First, let’s use a simple vector with just a few elements. We’ll look up a few employees from the sample SCOTT.EMP table. We can’t use “in (:b1)” as shown above, but if we can generate a collection we can use “member of :b1.”
Since we’re going to pass a delimited chr value from R, we need to convert that text into a collection. Previously I posted how to split a clob into a nested table of varchar2 values. We’ll use that here too. For this first example the clob handling will be a bit of overkill since our text string will be small; but it will still illustrate the process.
So, first, we’ll construct a vector, then make a chr variable from the vector. Finally, pass the chr into a query using the split_clob function to create a nested table collection for use with the member of condition.
> employees_vector <- c("SCOTT","KING","ADAMS") > employees_vector [1] "SCOTT" "KING" "ADAMS" > employees_chr <- paste(employees_vector,collapse=",") > employees_chr [1] "SCOTT,KING,ADAMS" > employees_df <- dbGetQuery(con,"select * from emp where ename member of split_clob(:b1,',')",employees_chr) > employees_df EMPNO ENAME JOB MGR HIREDATE SAL COMM DEPTNO 1 7788 SCOTT ANALYST 7566 1987-04-19 00:00:00 3000 NA 20 2 7839 KING PRESIDENT NA 1981-11-16 23:00:00 5000 NA 10 3 7876 ADAMS CLERK 7788 1987-05-23 00:00:00 1100 NA 20
It is possible to use an IN clause in the query, but you must create a subquery for the condition. So, using the same chr variable we still use split_clob, but we then use the TABLE function to use the resulting collection as a data source for the subquery.

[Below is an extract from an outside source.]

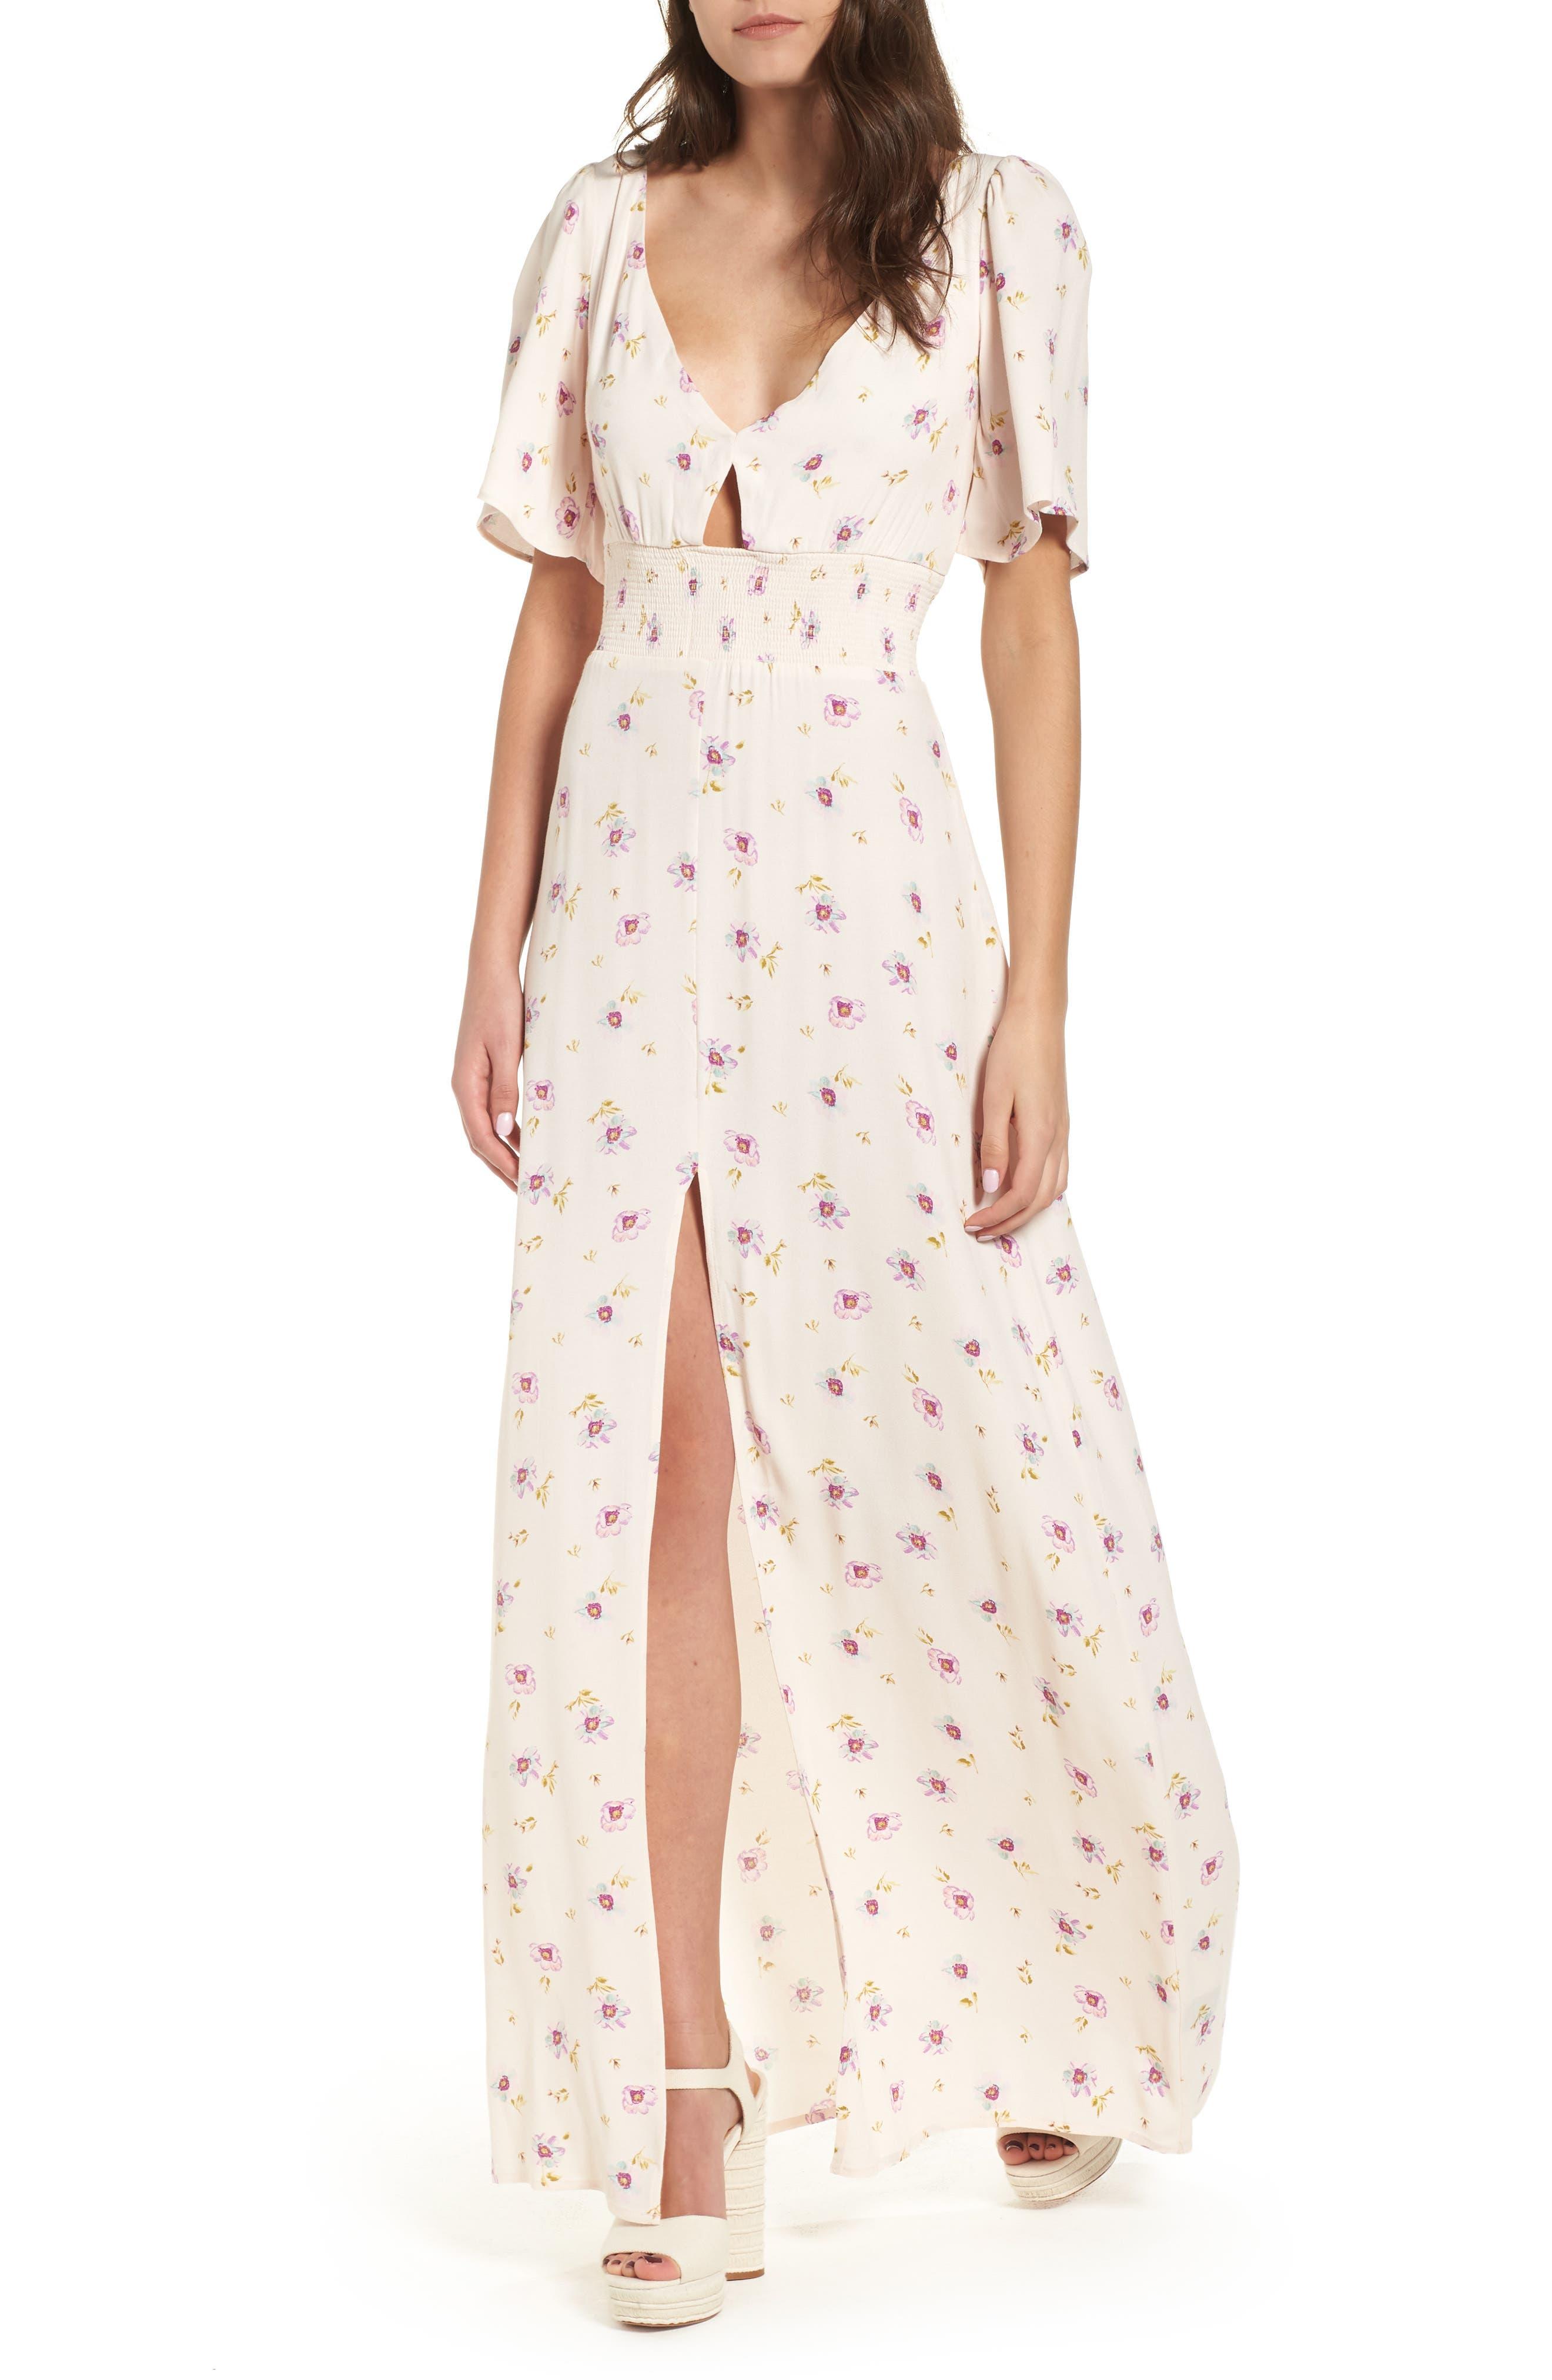 AFRM Tuscany Maxi Dress

> employees_df2 <- dbGetQuery(con,"select * from emp where ename in (select * from table(split_clob(:b1,',')))",employees_chr) > employees_df2 EMPNO ENAME JOB MGR HIREDATE SAL COMM DEPTNO 1 7788 SCOTT ANALYST 7566 1987-04-19 00:00:00 3000 NA 20 2 7839 KING PRESIDENT NA 1981-11-16 23:00:00 5000 NA 10 3 7876 ADAMS CLERK 7788 1987-05-23 00:00:00 1100 NA 20
It is also possible to use the text field directly with a simple INSTR (where instr(‘KING,SCOTT,ADAMS’,ename) > 0,) but doing so reliably is more difficult. Also, by leaving the table column untouched then indexes on the table can be used more reliably. Due to these limitations I’m not providing examples. Again, it is possible to do so, but not recommended.
The examples above are for a sets where each row only contains a single value (a vector, or a data.frame of a single column.) But what if you need multi-column checks? I.e. Something of the form “select * from table1 where (a,b) in (select x,y from table2).” Where “table2” is somehow based on our data.frame contents.
While the basic idea is the same, the use of multiple columns in the condition creates an additional challenge because we need to somehow encode the rows and columns into a chr field such that the fields are distinct but still grouped by row. Also the split_clob function will only generate one value for each row instead of reconstructing all of the individual fields.
First, on the R side, we’ll use paste function again, but twice, once with the separation delimiter and then again with the collapse delimiter.
> input_df <- data.frame(jobs=c("CLERK","CLERK","ANALYST","PRESIDENT"),depts=c("SALES","ACCOUNTING","RESEARCH","ACCOUNTING")) > input_df jobs depts 1 CLERK SALES 2 CLERK ACCOUNTING 3 ANALYST RESEARCH 4 PRESIDENT ACCOUNTING > input_chr <- paste(paste(input_df$jobs,input_df$depts,sep="|"),collapse=",") > input_chr [1] "CLERK|SALES,CLERK|ACCOUNTING,ANALYST|RESEARCH,PRESIDENT|ACCOUNTING"
Now we have a single chr field, where each row is delimited with commas and the fields within the row are delimited with pipes. Using split_clob we can separate the string into 4 fields and then parse each of those into a row of 2 fields.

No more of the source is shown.